Just a post to get me started...

I have just accepted a relocation offer which will see me starting on 04/01/15 in Dubai. 

My question, is perhaps an unusual one; Would having a fear of enclosed spaces (lifts especially) be a problem for life in Dubai? / Does anyone have experience living with this particular fear in Dubai?

I think where we choose to live would be the biggest concern. The office is in Jebel Ali so I would need to choose something within commutable distance. 

I was thinking something on the Palm Jumeirah. Looking at the property websites my housing allowance should cover a 2 bed apartment there.

Can anyone offer advice on finding a property on a low floor (accessible by stairs)?

Thanks,


----------



## Jowhara (Aug 10, 2014)

Fear of lifts is more common than you can imagine. I know several people who have it. Some of them have overcome it. It's not very difficult to overcome. I myself don't like flats very high up. Not because I have a fear of lifts. But because what will happen if there's a fire or earthquake? Running down so many flights of stairs is going to be horrible. And what happens if the lights go out too? Most building staircases don't even have windows so it'll be complete darkness. 

This is why it's always better to get an apartment on a lower floor or rent a villa instead of an apartment.


----------



## xxxxxxxxxxxxxxxxxStewartC (Mar 3, 2012)

On what floor is your office?


----------



## twowheelsgood (Feb 21, 2013)

Unless you are in a Palm villa, the Shoreline apartments are 10 floors or more high. There are stairs but not commonly used. The lower floors are very busy as you have road, or a bar or a monorail right outside your window.

You may be better seeking a villa unit somewhere else.


----------



## twne (Aug 21, 2014)

It is my wife with the fear and as we are a young couple (no kids) we thought we would be more comfortable in a more central apartment, rather than a villa. 

My feelings are we would be better to wait until we are both out there and view some apartments and villas. Just looking for some general advice or similar experiences. 

Thanks for the comments.


----------



## pamela0810 (Apr 5, 2010)

Most of the apartment buildings close to Jebel Ali are high rise buildings. They sell the view more than the actual apartment if you look at any of the property sites. Is your wife willing to walk up and down 6 or 8 flights of stairs everytime you need to go somewhere?

If your budget permits, you could afford a villa in Jebel Ali Village or JVC, JVT, Springs or Meadows.

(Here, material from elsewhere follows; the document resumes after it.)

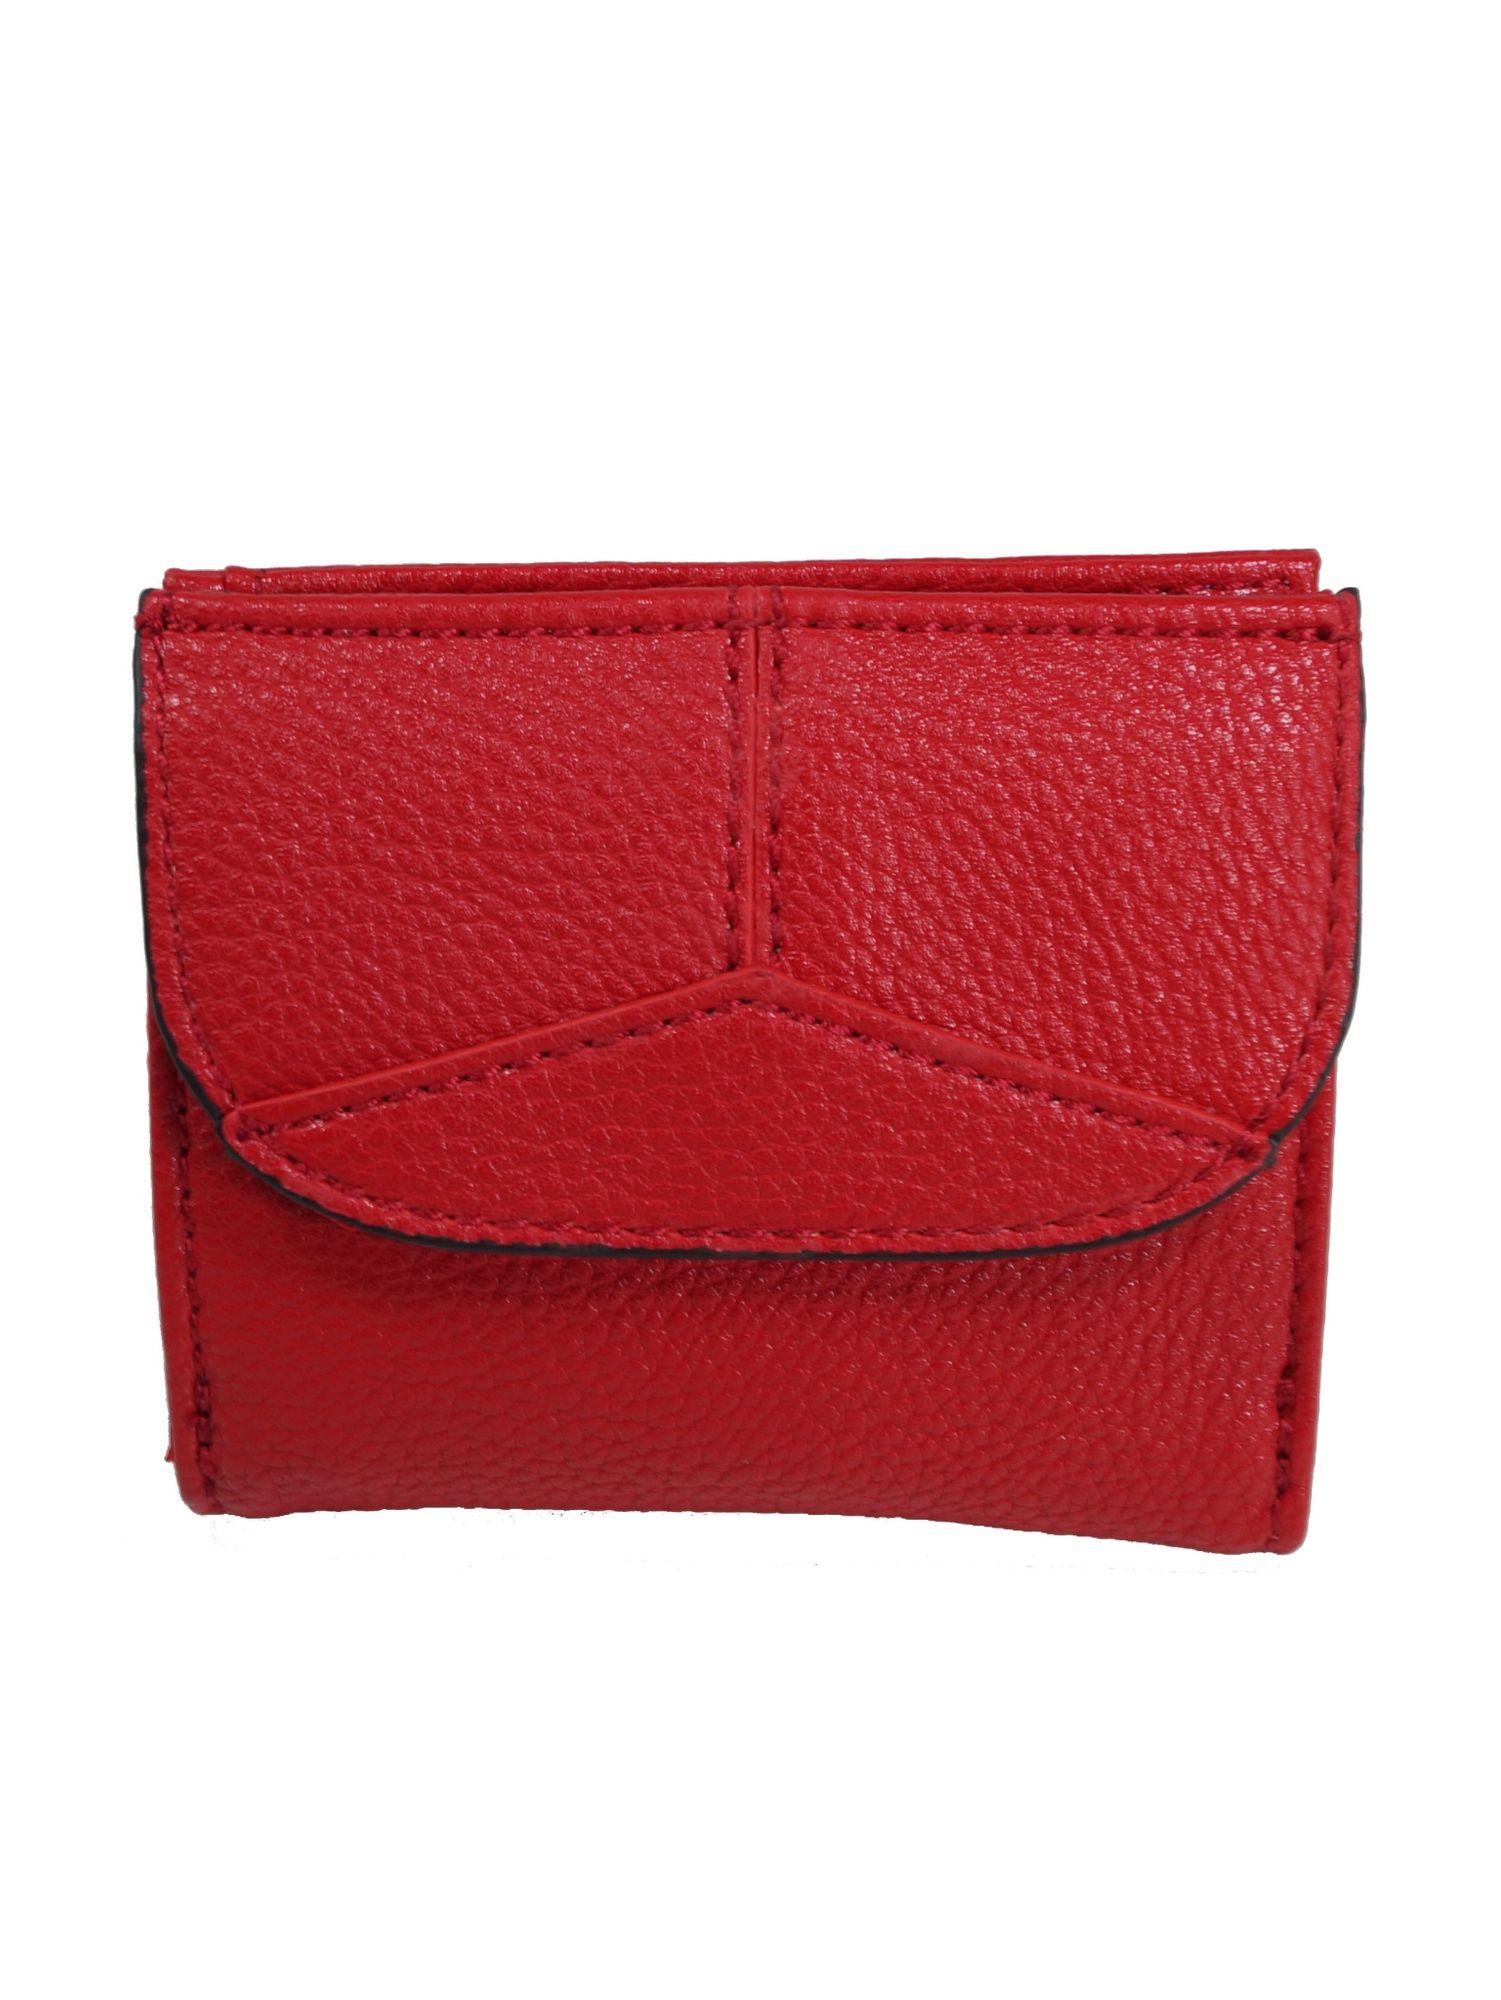 2f597edfdfe21 Esprit Damen Geldbörse Geldbeutel Portemonnaies Colby S wallet Rot 1 ...

They're all close to the Jebel Ali Freezone.


----------



## LesFroggitts (Dec 30, 2013)

Don't forget that most stairwells are not air-conditioned - this will have an impact on your decision making. Going down may be ok, but skywards won't be pleasant (unless you're one of those 'run up tall buildings' sporty types).


----------



## TallyHo (Aug 21, 2011)

Look into the Greens. Right opposite the Palm and central enough. Has a few high rises but most of the community is mid rises. Shouldn't be difficult to find a ground or first floor apartment.

Other than that I don't think it's difficult to avoid elevators in Dubai. You'd just have to avoid restaurants and bars that require elevator access.


----------



## twne (Aug 21, 2014)

Thought I would follow up on this... Finally got round to it.

We have now been here since January and we found an apartment in JBR on the Upper Plaza level. We love the apartment and the area.

One flight of stairs from the plaza and a couple more to the ground. We don't have the lovely sea views of some, but a good size balcony over the plaza is nice enough.

It wasn't an easy find and many agents did not listen to our requirements, but in the end we got lucky and found one we liked. (some people have a strange idea on how to show a property)

Thanks again for everyone's advice.


----------



## TT365 (Oct 14, 2014)

Glad to hear it, I am surprised to find there were agents that didn't listen to your requests though ;-)


----------



## rsinner (Feb 3, 2009)

Great! How do you manage to avoid lifts at work, at the airport, and at hotels etc?


----------